Well I guess it's attitudes ... would be the thing that would cause me to be angry and I can't understand often why non-Aboriginal people get ... always feel, in fact, that they are superior to Aboriginal people and so I guess really, while I say I'm not a ... not an angry person, that would bring out anger in me and there have been many times, of course, when I've felt angry just standing in a ... in a line waiting, when in fact non-Aboriginal people feel that they ... they ought to be served ahead of you, and there've been many of those experiences over the years.

Does that still happen?

Well it certainly doesn't happen here in Canberra, and I'm not sure that it would happen in many places now, but it certainly happened before I came here and took up this job. But because I now have a much higher profile there's not many places that I go to now when I'm not recognised.

Have you ever been discriminated against because you're a woman?

No I can't remember that I have actually. From a very young woman, of course, I've been involved on boards of ... of committees and I've been at the national level for a long time now and I seriously can't remember having ever been discriminated against as a woman.

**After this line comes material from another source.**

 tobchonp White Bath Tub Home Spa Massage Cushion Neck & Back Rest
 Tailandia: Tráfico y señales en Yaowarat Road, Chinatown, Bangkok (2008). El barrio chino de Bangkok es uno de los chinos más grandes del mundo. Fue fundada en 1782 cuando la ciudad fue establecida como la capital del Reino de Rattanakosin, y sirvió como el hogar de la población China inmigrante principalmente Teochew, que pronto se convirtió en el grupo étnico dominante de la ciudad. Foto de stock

What's the most unpleasant thing you've ever had to deal with as an Aborigine being treated badly?

Well I think it was in my early nursing days when there were a number of patients who refused my presence and I had to indicate that to the ... to the sister and encourage the sister, of course, to find someone else to take over that particular duty. But, of course, I was young and starting out in those days and that ... that hurt me but, I guess, I got over that fairly quickly.

What was the most recent time that anybody did anything to you that made you feel that you were being treated differently because you were Aboriginal? [Pause] You can't think of an incident? There hasn't been one for a long time?

No there hasn't been, no.

Can you remember ... do you feel ... Sorry. If you are feeling angry about attitudes that you feel are foolish or annoy you, do you feel able to show that anger? For example, in discussions or negotiations, when people are not treating the Aboriginal position with the respect you feel it deserves, do you feel that it will hurt your cause if you show that you're annoyed?

No, I don't do that. I think I can show annoyance when I'm ... when I'm dealing with heads of government and in negotiating situations and I've done that, and people know by the tone of my voice.